# How to better move heat through my smoker



## Jaxturbo3 (Jul 29, 2019)

I built my smoker a while back and it works pretty well, doesn’t take much to get it hot, holds heat well, the only issue I’m having is it’s tough to move heat through it evenly. Near the fire box it will be hot but it doesn’t seem to move the heat as far as I’d like. Any ideas?


----------



## Jaxturbo3 (Jul 29, 2019)




----------



## HowlingDog (Jul 29, 2019)

The picture is not showing up for me.  Could repost the picture or try a different one?


----------



## Jaxturbo3 (Jul 29, 2019)

This link might take you to the gallery I posted a while back on imgur. Let me know if that doesn’t work.


----------



## HowlingDog (Jul 29, 2019)

There the pictures are, Thanks.   On the fire box, what do the air inlets look like?   Looks like it should draft well.  Have you tried tuning plates all along the pit, not just the one near the firebox?   What is the temp near the box, and on the opposite side?


----------



## HowlingDog (Jul 29, 2019)

Although it is a vertical, here are the plates in my smokerView media item 554653
Even in the short space I have, they do even out the heat distribution....


----------



## Jaxturbo3 (Jul 29, 2019)

I haven’t tried any other plates, and I’ll have to get a picture of the air vent when I get home. I can get the area next to the fire box up to about 250 and it’ll drop to 210 or so by the far side of the vertical.


----------



## JWFokker (Jul 29, 2019)

Could try insulating the horizontal cook chamber. Seems like you're losing heat before it reaches the vertical chamber. A longer baffle or more tuning plates in the horizontal could help too.


----------



## daveomak (Jul 29, 2019)

Add air inlets directly across from the FB/CC opening... That will allow air flow to move heat from the FB through the system...   AND, being above the fire, will not increase the heat in the smoker...  
You will have the lower air inlet to adjust the heat generated.....

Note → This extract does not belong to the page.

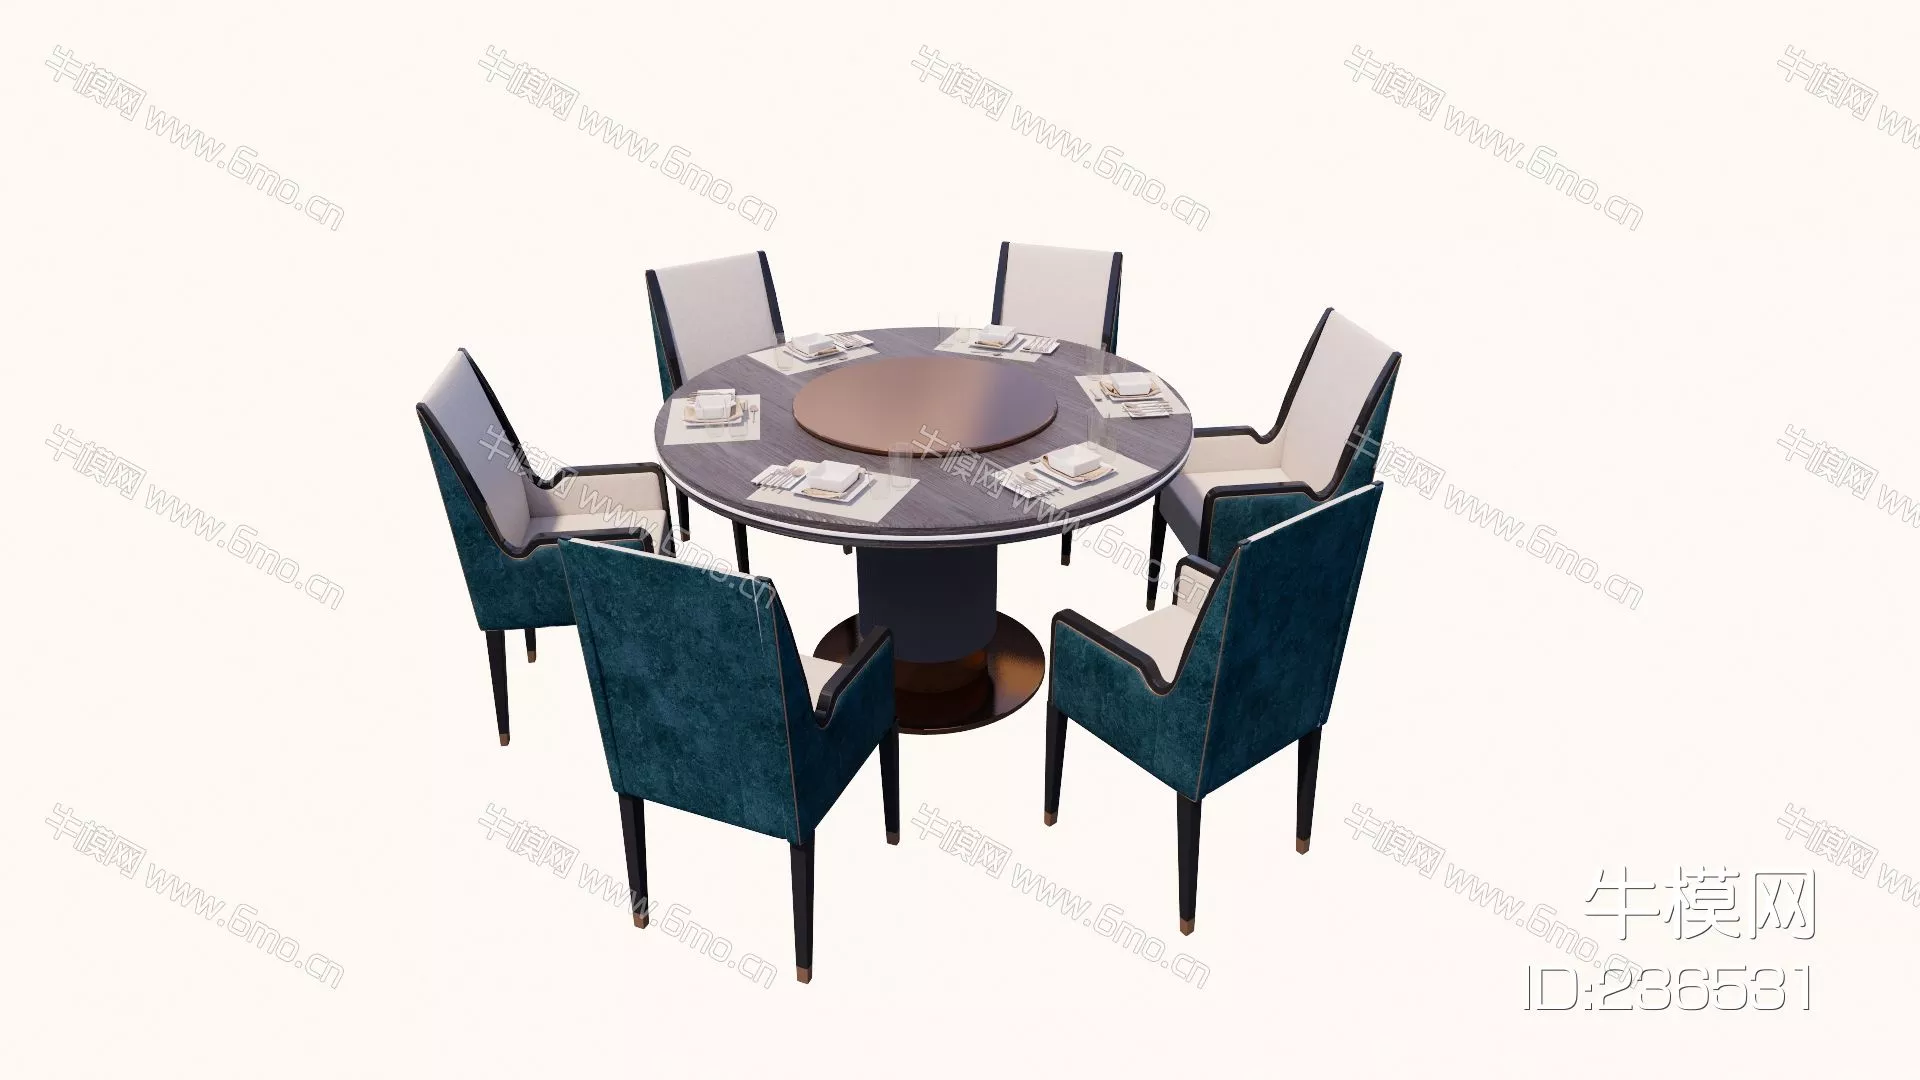 MODERN DINING TABLE SET - SKETCHUP 3D MODEL - ENSCAPE - 236531
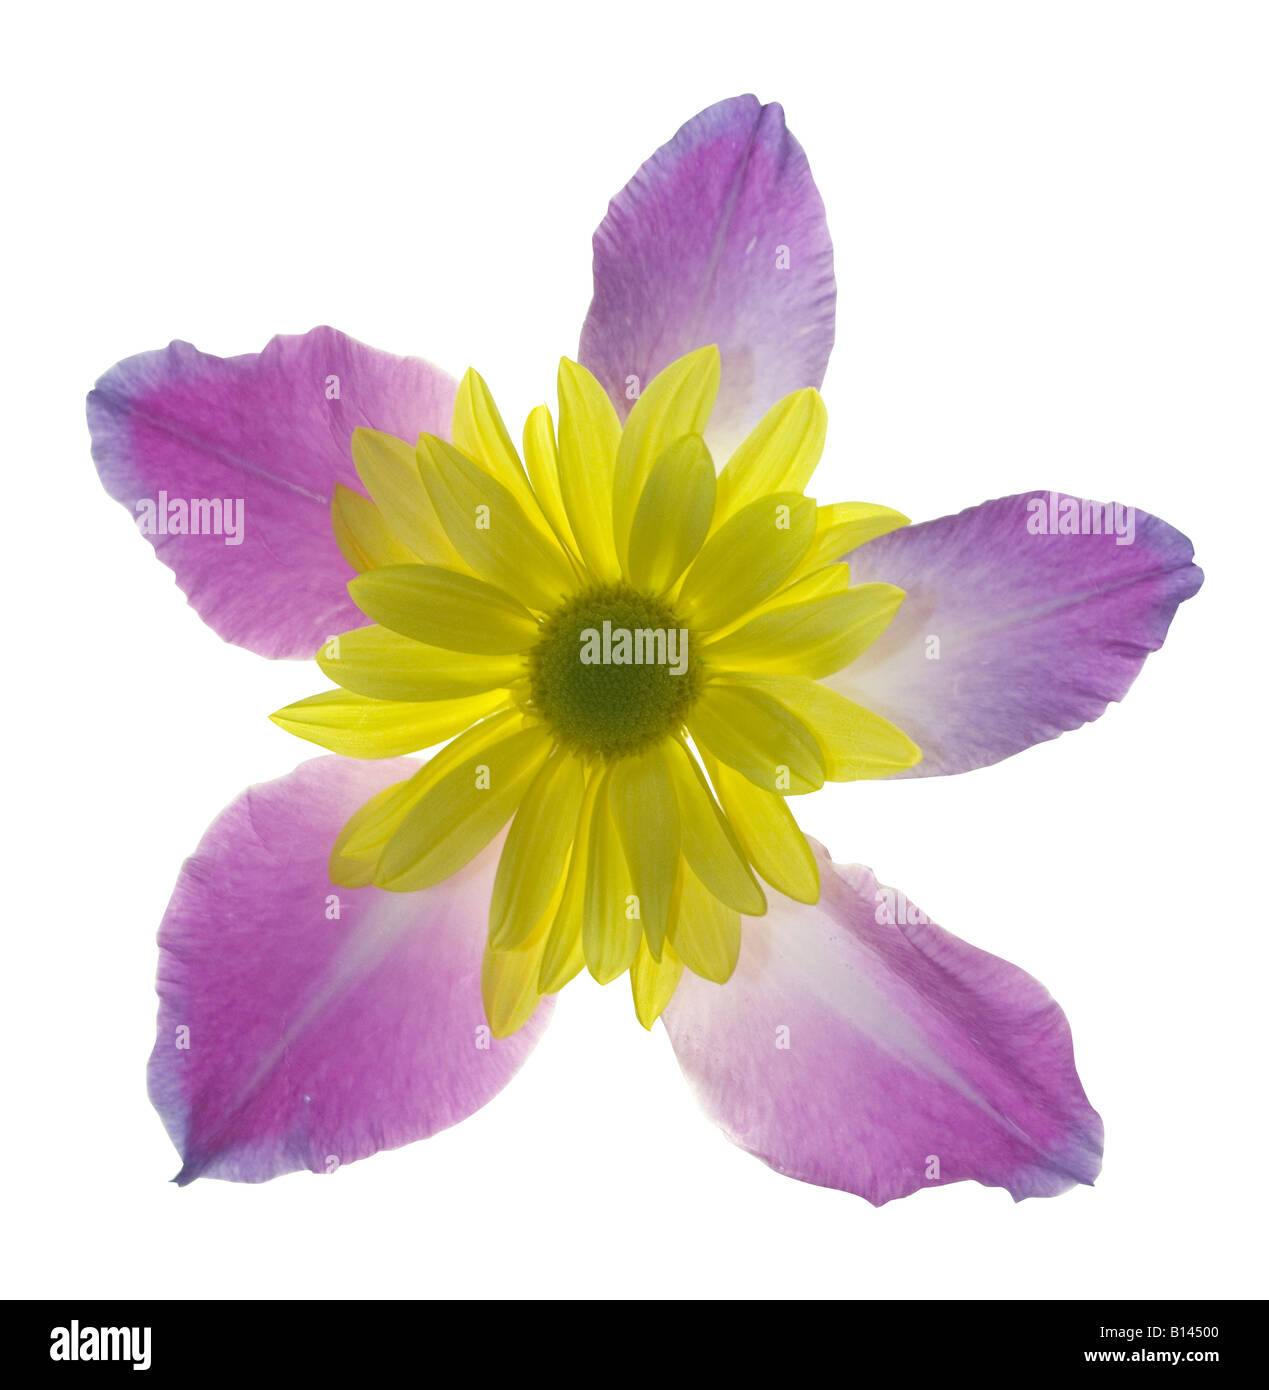 Los pétalos y gladiola púrpura a amarillo daisy se juntan para formar una nueva flor. Foto de stock

Folks here build their smokers with that design...


----------



## Jaxturbo3 (Jul 29, 2019)

This is my air inlet on my fire box


----------



## daveomak (Jul 30, 2019)

I would put 4 each ~1 1/8" holes with a slide damper at the location shown..  Be sure the holes are 1 1/4" or more apart so there's no overlap..


----------



## Jaxturbo3 (Jul 31, 2019)

Is there an advantage to doing multiple small holes compared to one big one?


----------



## daveomak (Jul 31, 2019)

Distribution of air flow...  Better for burning up any creosote that may be in the FB...
This is my choice...


----------



## Jaxturbo3 (Aug 2, 2019)

Would a pinwheel damper work?


----------



## daveomak (Aug 3, 2019)

Jaxturbo3 said:


> Would a pinwheel damper work?



Yes...  install it in the horizontal position....


----------



## Jaxturbo3 (Aug 3, 2019)

What size pin wheel do you think I should use?


----------



## daveomak (Aug 3, 2019)

CC Dia inches x CC Dia inches x 0.7854 x CC length inches x 0.001 x 0.2 = Square inches for the upper air inlet opening..


----------